Data section
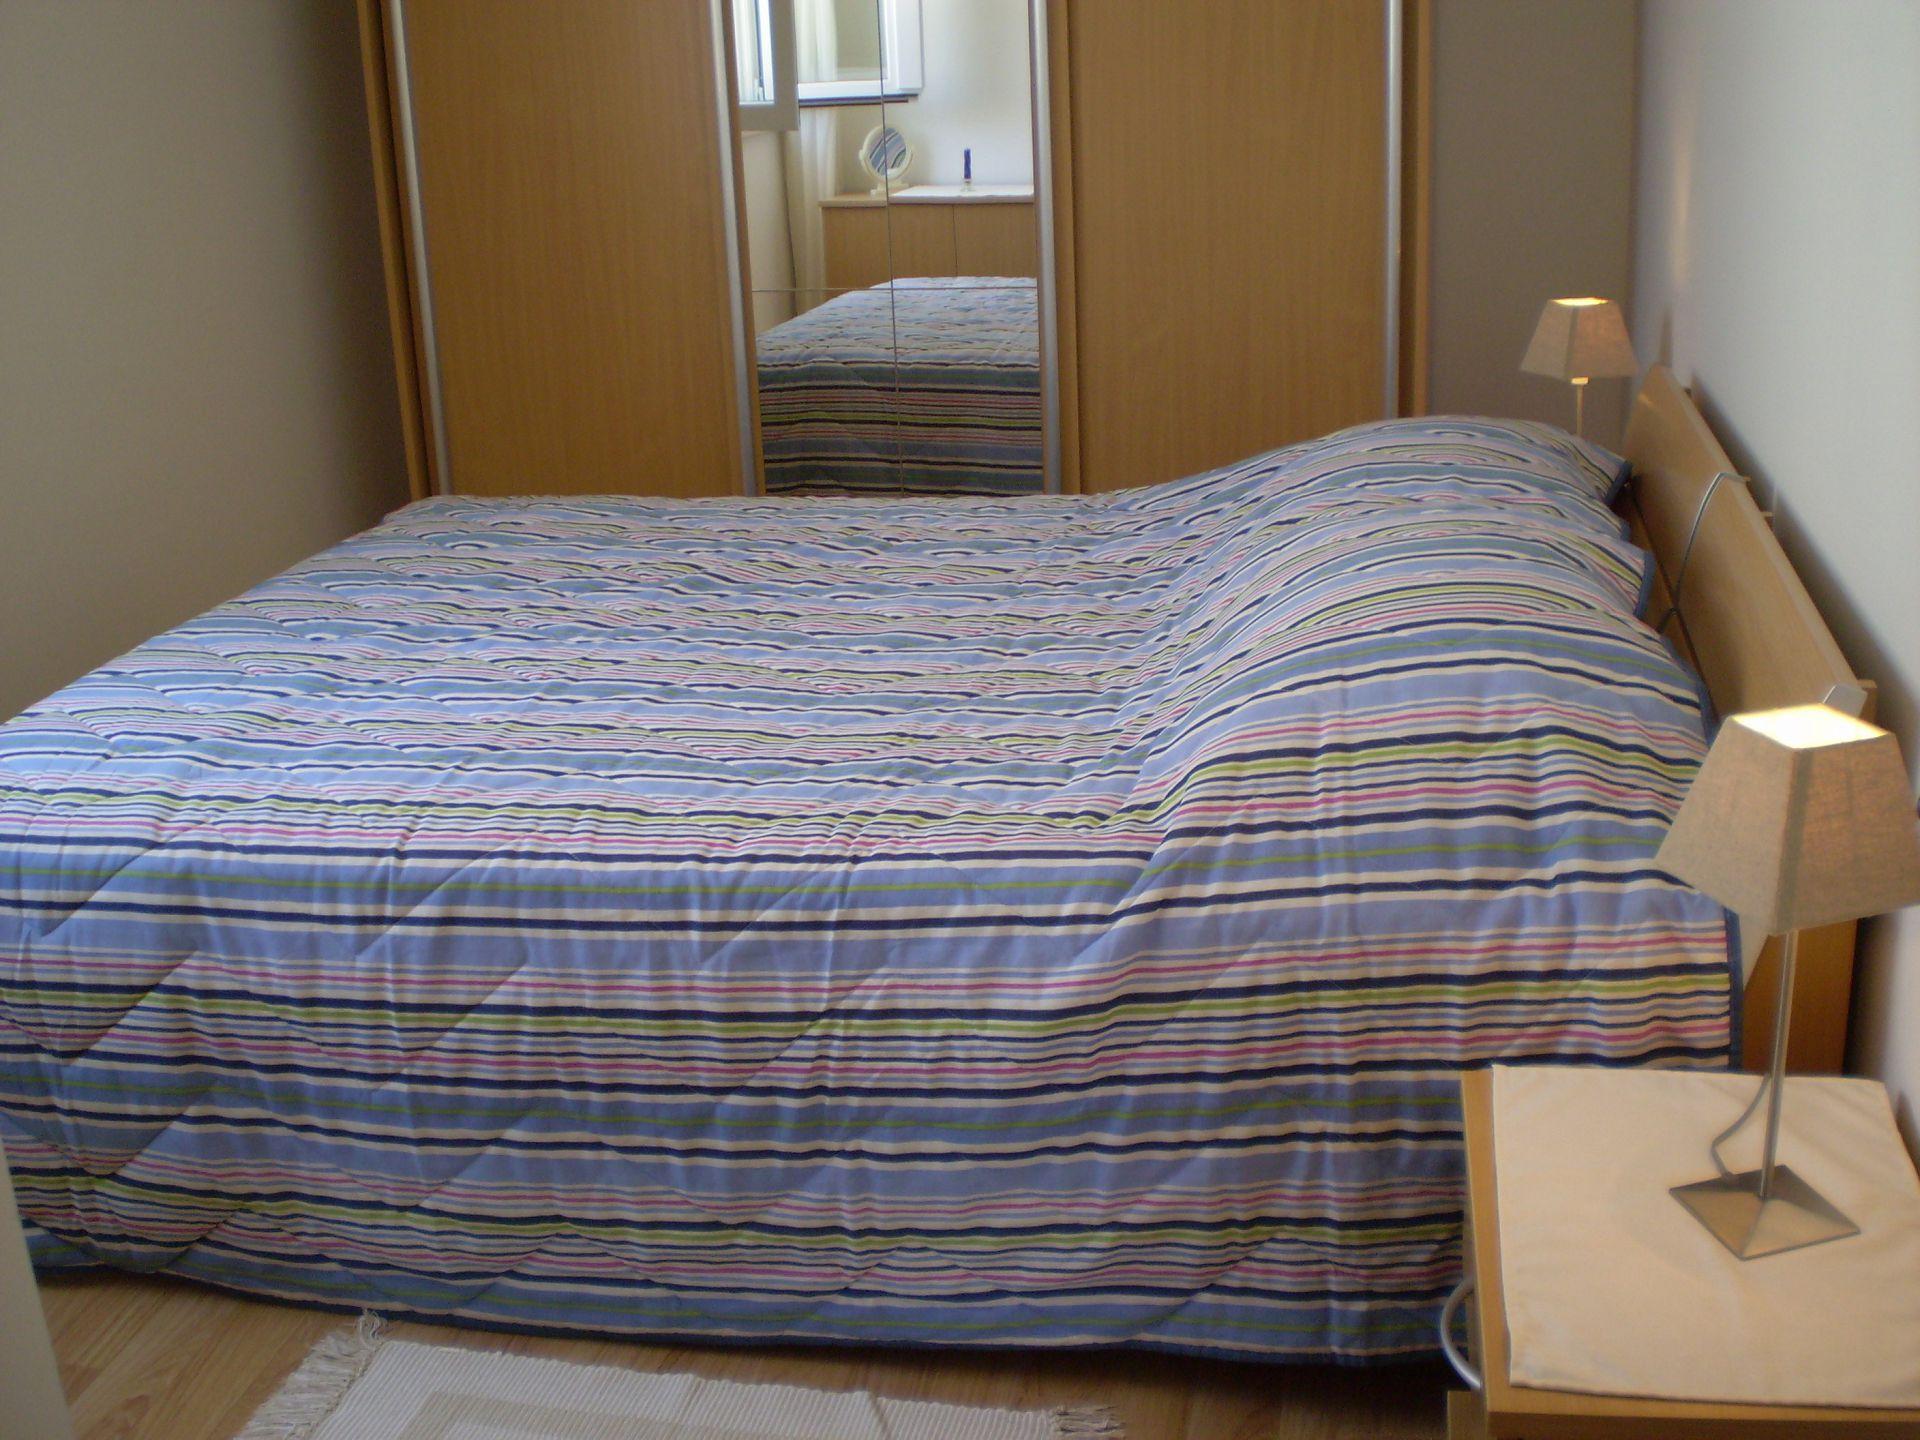 001HVAR - Hvar - Appartementen Kroatië - A1(4): slaapkamer
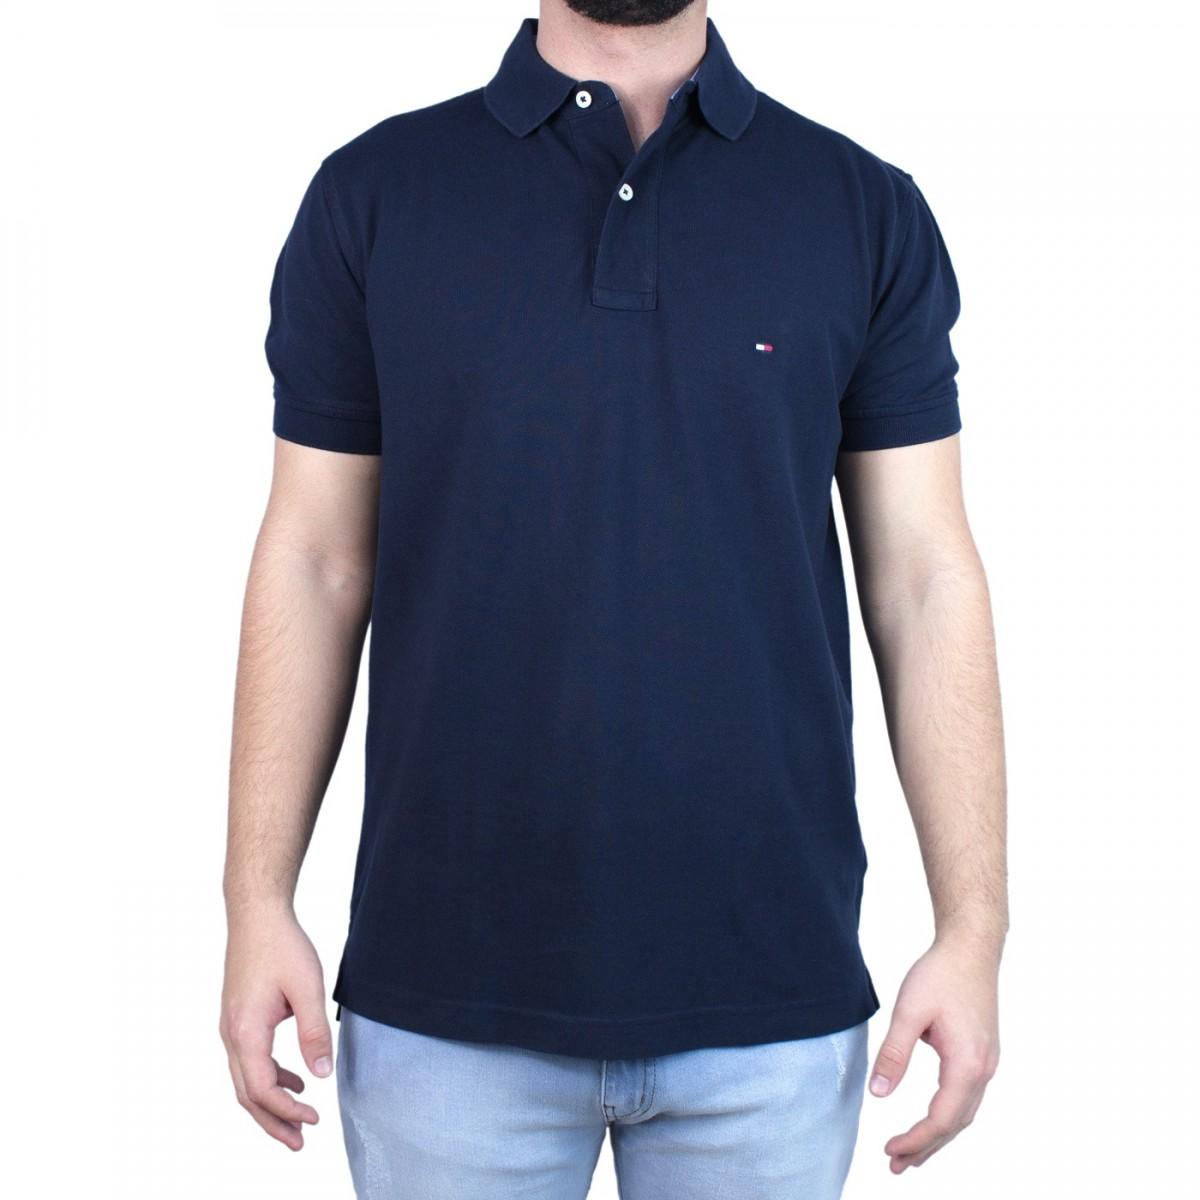 9b736ac947e6c Bizz Store - Camisa Polo Masculina Tommy Hilfiger Manga Curta
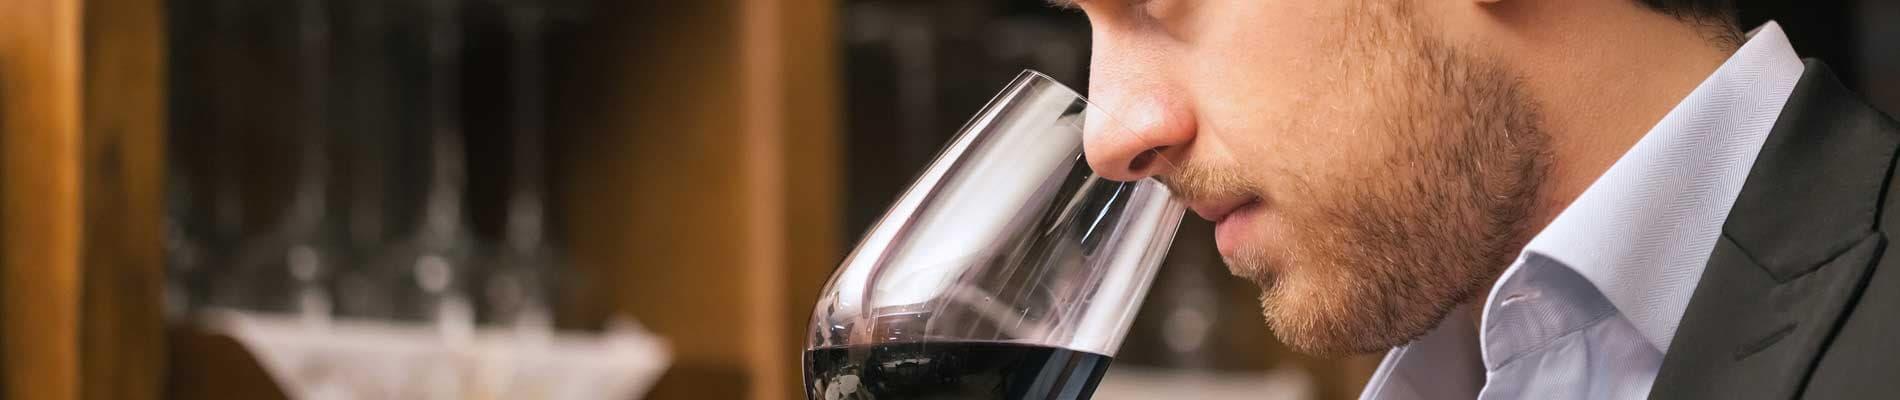 Sommelier e degustazione di vini

What is being asked
Retype the material in full, exactly as written, and exclude the pictures.

Response for this exercise
 001HVAR - Hvar - Appartementen Kroatië - A1(4): slaapkamer
 9b736ac947e6c Bizz Store - Camisa Polo Masculina Tommy Hilfiger Manga Curta
 Sommelier e degustazione di vini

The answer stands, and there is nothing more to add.